Terugkijkend op het Bachelorproject heb ik het idee dat ik veel van het project heb geleerd.

Voorgaand aan het project had ik nogal een simplistisch beeld over onderzoek doen. Ik heb gemerkt dat onderzoek doen moeilijker is dan je denkt. Vooral de voorbereiding naar het onderzoek toe. We zijn geregeld met de hele groep samen gekomen om uiteenlopende zaken te bespreken/voor te bereiden. Dit nam soms meer tijd in beslag en ging soms minder snel dan ik dacht. Niet omdat het niet goed ging, maar omdat goed onderzoek doen nou eenmaal niet simpel is. Bedenken hoe de taak eruit moet zien, proefpersonen werven, de taak werkend krijgen in het lab, vragenlijsten

zoeken/opstellen, vragenlijsten zo programmeren dat ze werken en de ingevulde data opslaan, ga zo maar door. Er moest veel gebeuren. Het mooie vind ik vooral dat iedereen taken op zich nam om het allemaal sneller en makkelijker te laten lopen. Ik vond dan ook dat er een goede samenwerking was binnen de groep. De goed samenwerkende groep is naar mijn idee bepalend geweest om het project goed te laten verlopen. Wat minder goed liep is naar mijn idee de eerste dagen dat we gingen meten in het lab. De taak wilde nog niet naar behoren werken, apparatuur deed het niet naar behoren. Nogal wat gestress. Hiermee bedoel ik overigens niet te zeggen dat dit per defintie slecht is.
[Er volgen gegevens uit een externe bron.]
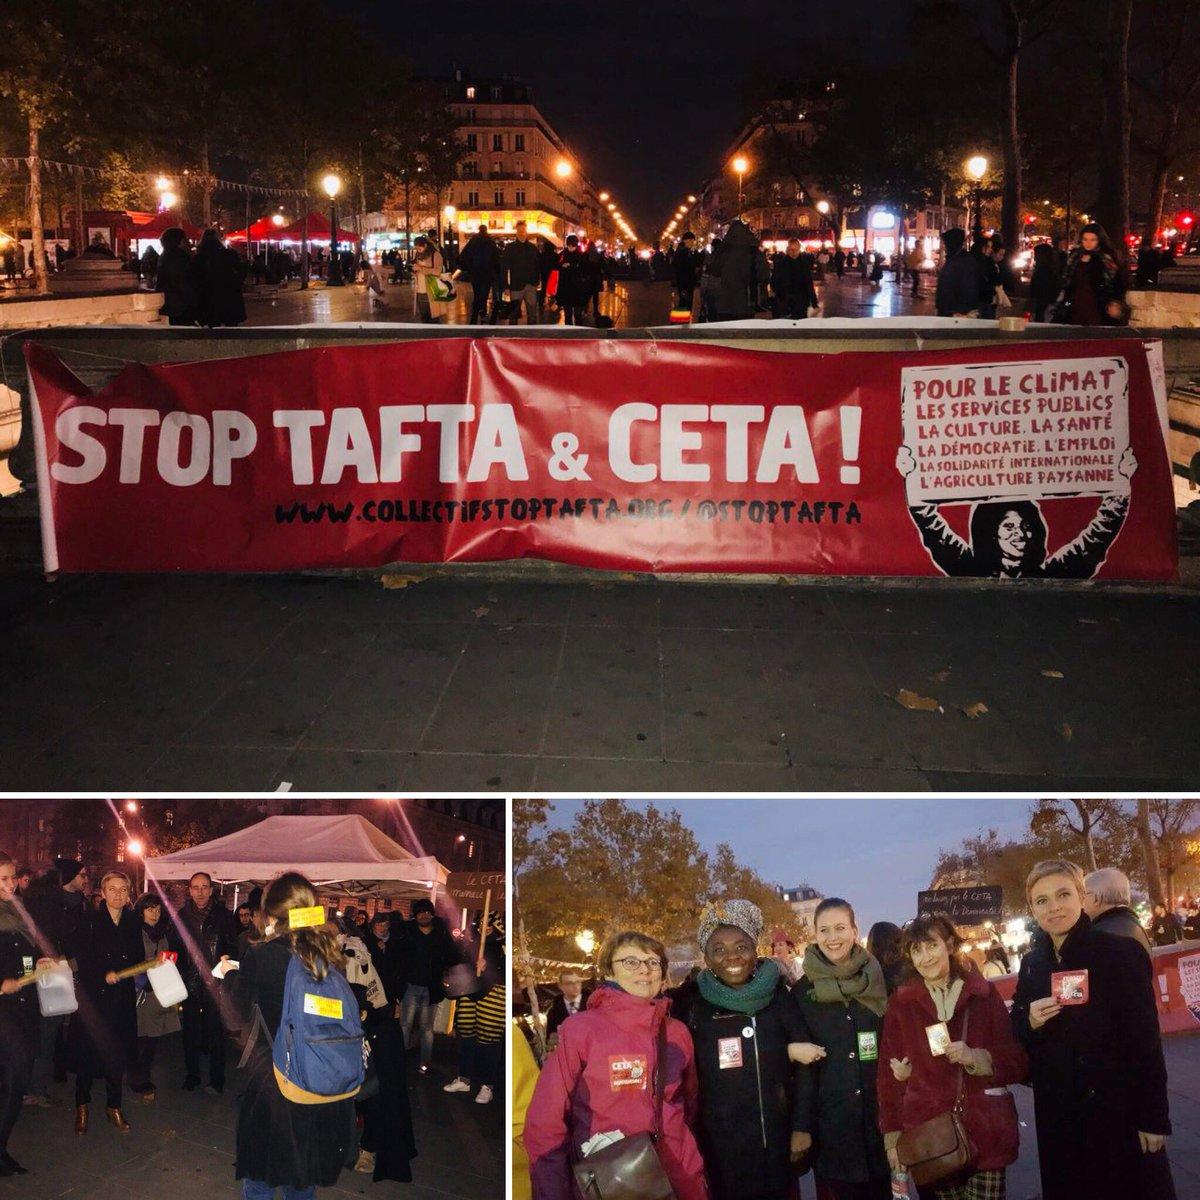 En cette fin d'après-midi, j'étais à l'initiative de @StopTAFTA pour dire non au CETA ! #ReferendumCETA pic.twitter.com/jQyDAiAgpH

Het feit dat er nogal wat gestress is vlak voordat het onderoek begint hoort er volgens mij ook bij en geeft je denk ik juist een duidelijker beeld over hoe onderzoek in de realiteit er aan toe gaat. Toen de taak eenmaal liep was het leuk om even te ervaren hoe het is om onderzoeker te zijn. We hebben er naar mijn idee alles aan gedaan om proefpersonen zo goed mogelijk van tevoren te informeren over het onderzoek en om de proefpersonen op hun gemak te laten voelen. Voorgaand aan het onderzoek werd duidelijk verteld wat de effecten van het onderzoek konden zijn, wanneer er niet meegedaan mocht worden aan het onderzoek en dat de proefpersonen ten alle tijden konden stoppen met het onderzoek wanneer zij dat wilden. Wat betreft het schrijven van mijn onderzoek denk ik dat dit wel aardig is gelukt. Ik heb er voor gekozen om in het engels te schrijven omdat dat mij een goede oefening leek en ik op deze manier ook kon testen of ik daar toe wel in staat was. Naar mijn idee is dat aardig gelukt. Verder denk ik dat het schrijven wel goed liep omdat je op een gegeven moment

zo veel met het onderzoek bezig bent, waardoor je al veel kennis hebt opgedaan over het

onderwerp. Het moeilijkste gedeelte vond ik mijn inleiding. Om goed uit te leggen waarom wij voor dit onderzoek hebben gekozen en wat de meerwaarde er van is. Daarnaast om het ook leuk te houden om te blijven lezen. De methode sectie vond ik het leukst/makkelijkst omdat ik het leuk vond om precies te omschrijven hoe ons onderzoek in elkaar zat. Ik denk dan ook dat dit het sterke punt van mijn verslag is.